The drug wars are another cause of undocumented immigration. There are several large drug cartels in Mexico at war with each other for the extremely lucrative drug trade to the United States. The drug wars constituted a serious threat to ordinary citizens; 20,000 were killed in Mexico in the last year alone. The US government has tried to suppress the illegal importation of hard drugs to the US. It has armed police and anti-drug units of the Mexican government. The United States also supplies most of the weapons used in the war between government and drug dealers and between the different drug cartels themselves.

The main cause of these drug wars is of course the demand for hard drugs in the United States. Many of our citizens are drug users. Many of them would like to overcome their addiction but there are not enough beds in drug rehabilitation clinics to help everyone who wants to stop using drugs. Instead of providing more drug rehab clinics, our government is spending millions bringing the drug war to Mexico.

It would clearly be much more useful for everyone to help addicts in the US to break their habits and to stop sending arms and anti-drug quasi-military forces into Mexico. We should do all we can to reduce the demand for drugs in the US instead of fanning the flames of drug wars in Mexico.

Our government and US citizens bear major responsibility for the conditions that drive people to walk through the hot desert into the United States.

What is more, impoverished Mexicans and Central Americans who brave the heat, the lack of food and water, the scorpions and snakes, and hostile American militias to cross the border are subject to inhumane treatment if they are apprehended. They are kept sometimes for more than a year in detention centers where the food is rotting, where they have no access to legal advice, where they are cut off from communication with their families. In recent years our government has instituted mass trials, where as many as 70 persons face a judge at the same time and may find themselves send off to prison in a procedure that takes no more than half an hour. These mass trials are a complete travesty of justice and a serious embarrassment for all of us.
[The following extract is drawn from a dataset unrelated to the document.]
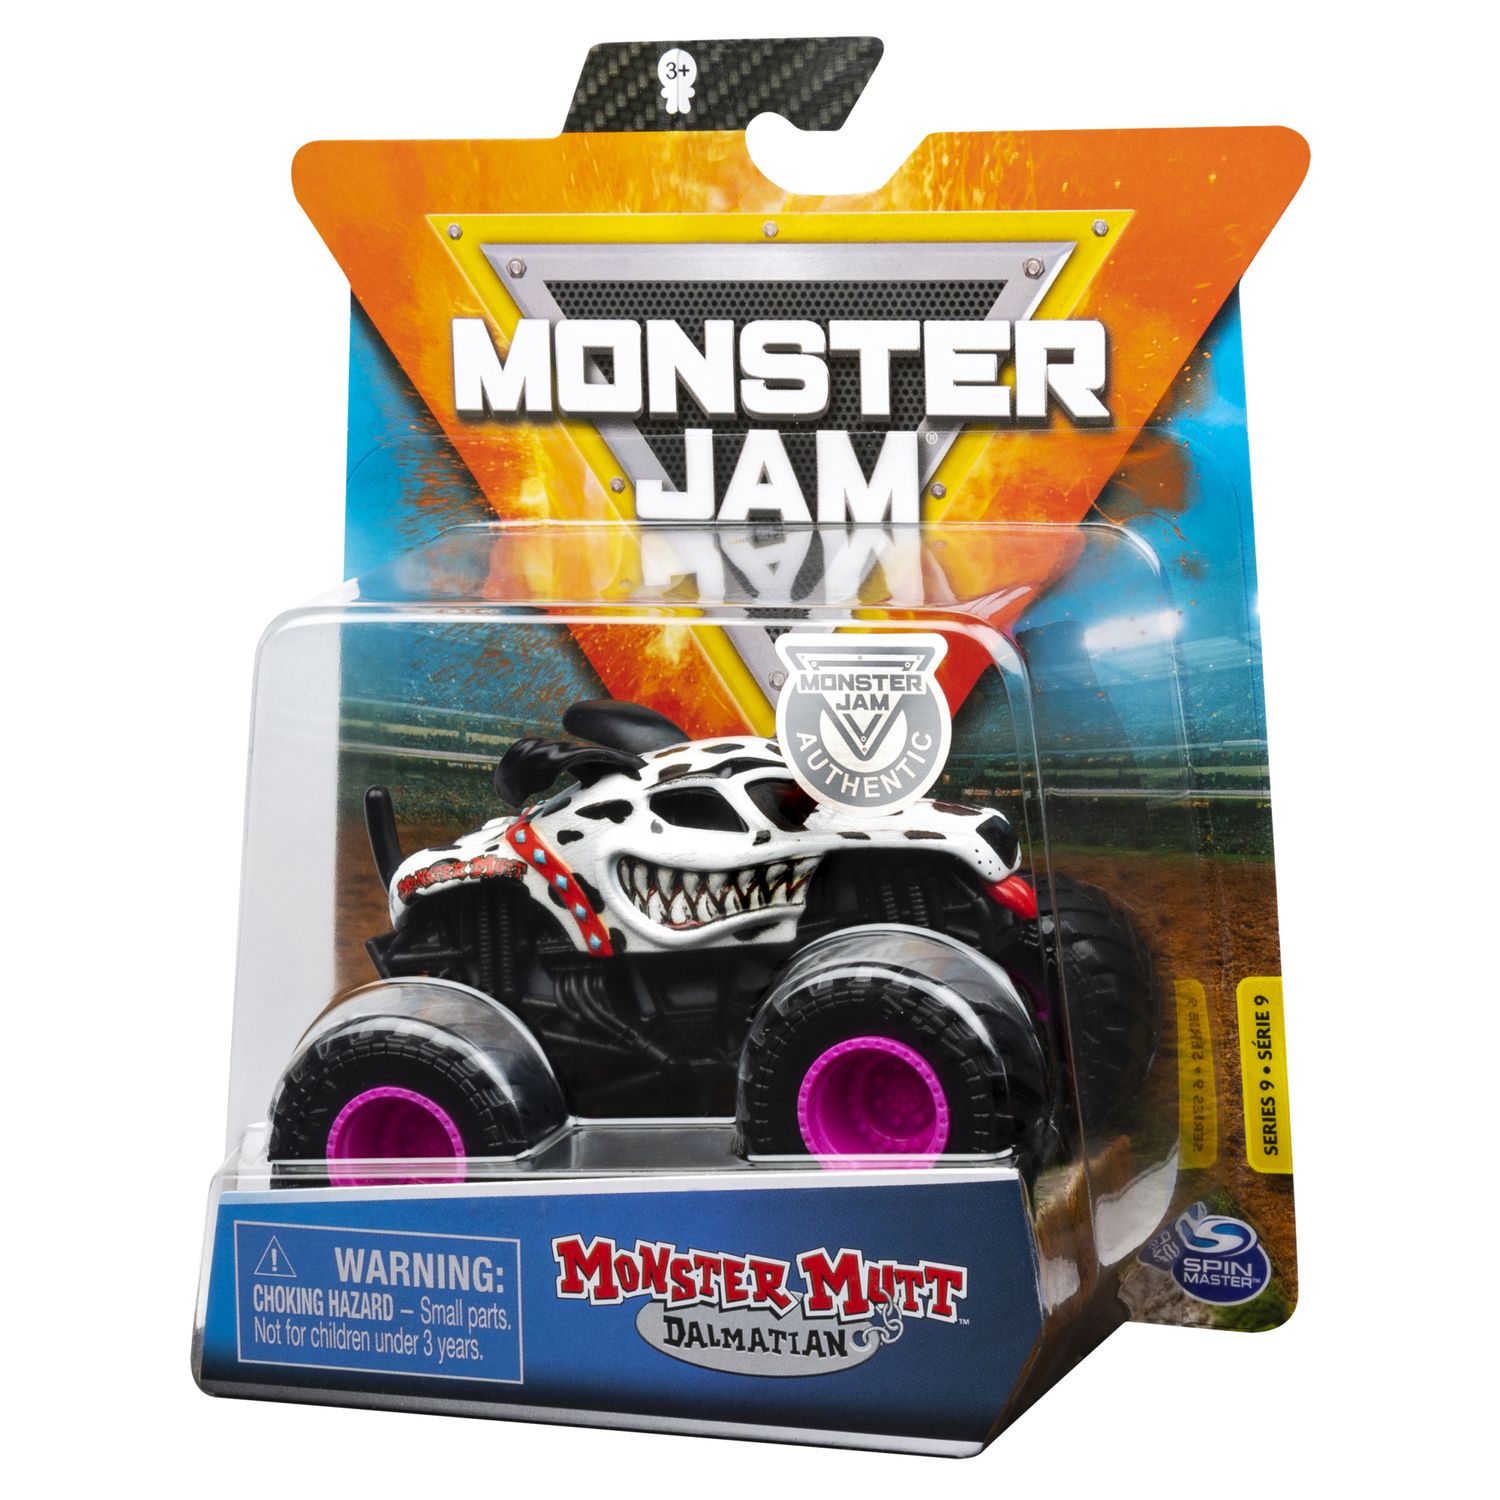 Машинка Monster Jam 1:64 Dalmation 6044941/20120660 6044941 - фото 3
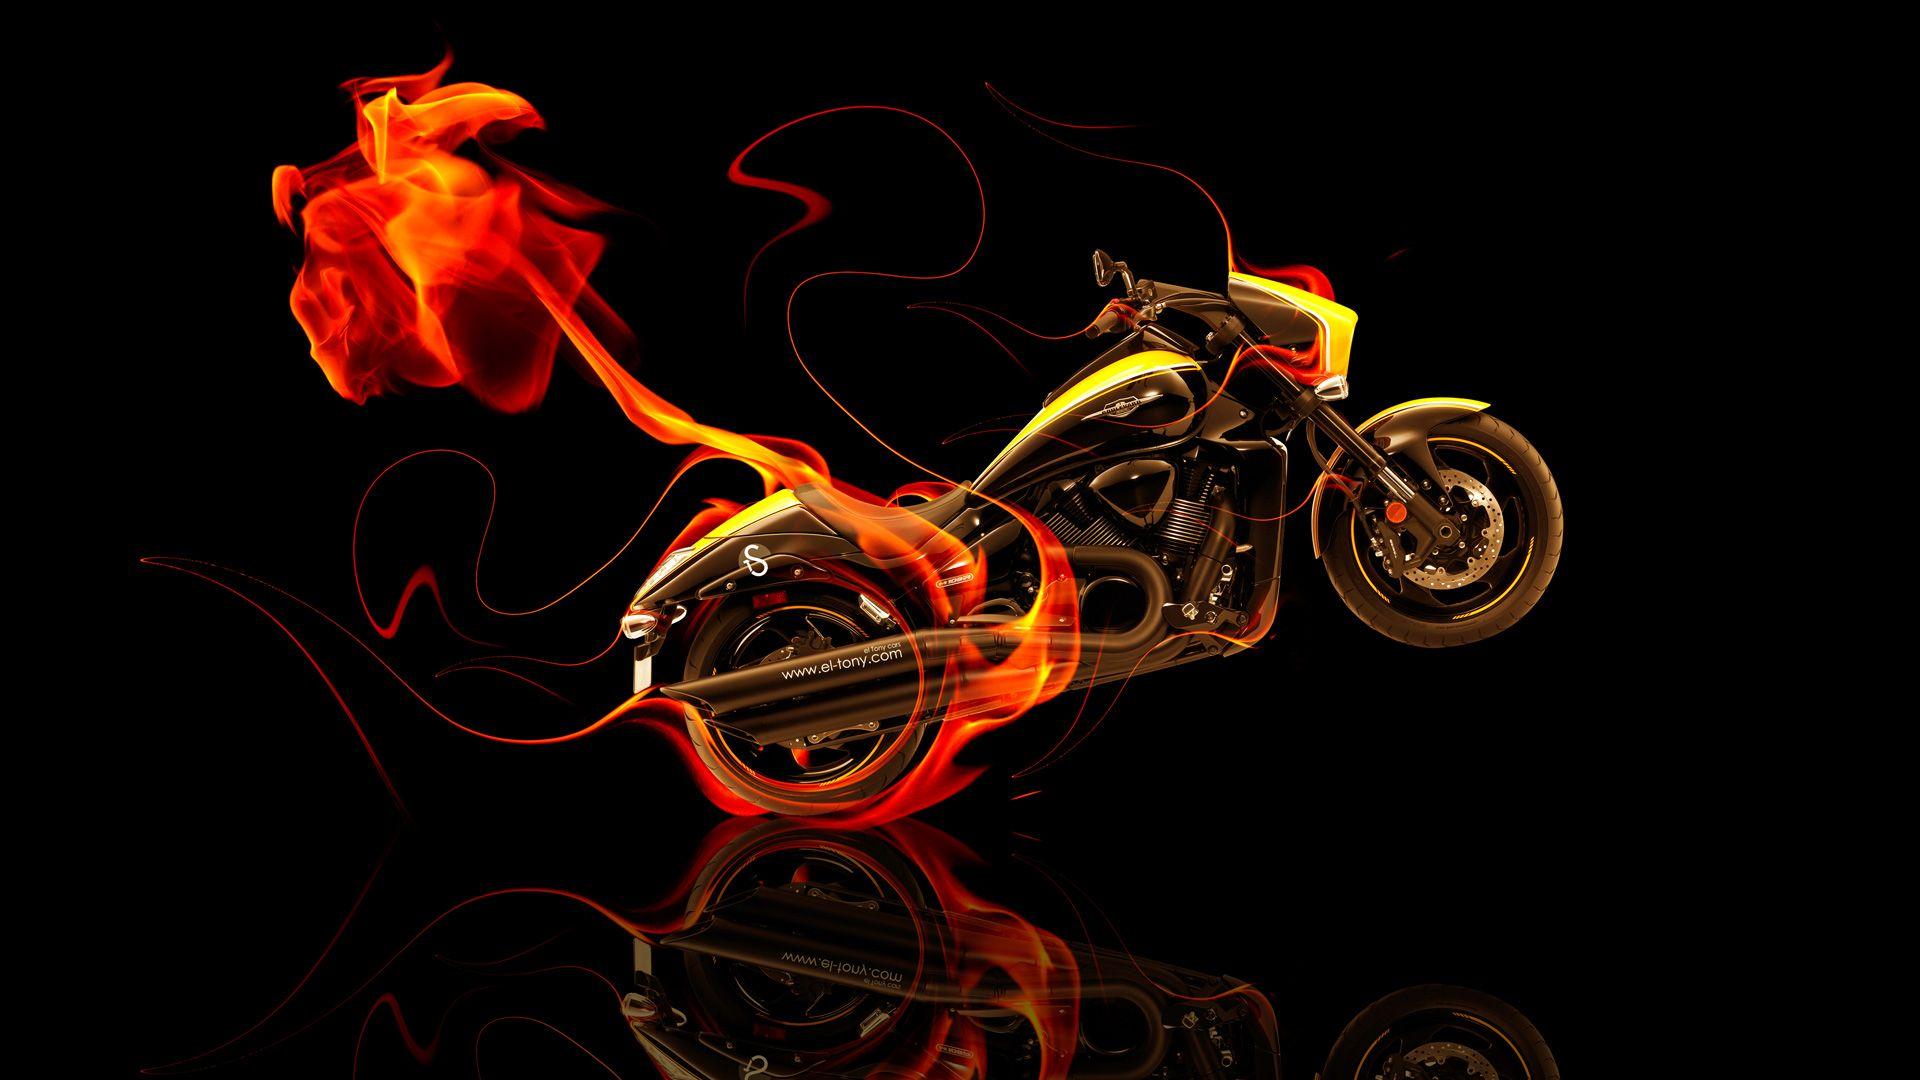 Moto Suzuki M109 Side Fire Abstract Bike 2014 HD Wallpaper Design

If we want to reduce the inflow of people without documents, we need to seriously alter our policies with respect to Mexico and Central America. We need to support democratic governments, not dictators. We need to end exporting our grain to the detriment of local farmers. We need to provide opportunities for drug rehabilitation in the US and stop fomenting drug wars in countries south of us.

If we want to be able to hold up our heads among the nations of this world, we need to treat the people who come across the border with respect and compassion. If we want to punish them for their border crossing, they need to face courts with the same rights as American citizens. There should be no place in our country for concentration camps and mere caricatures of legal proceedings.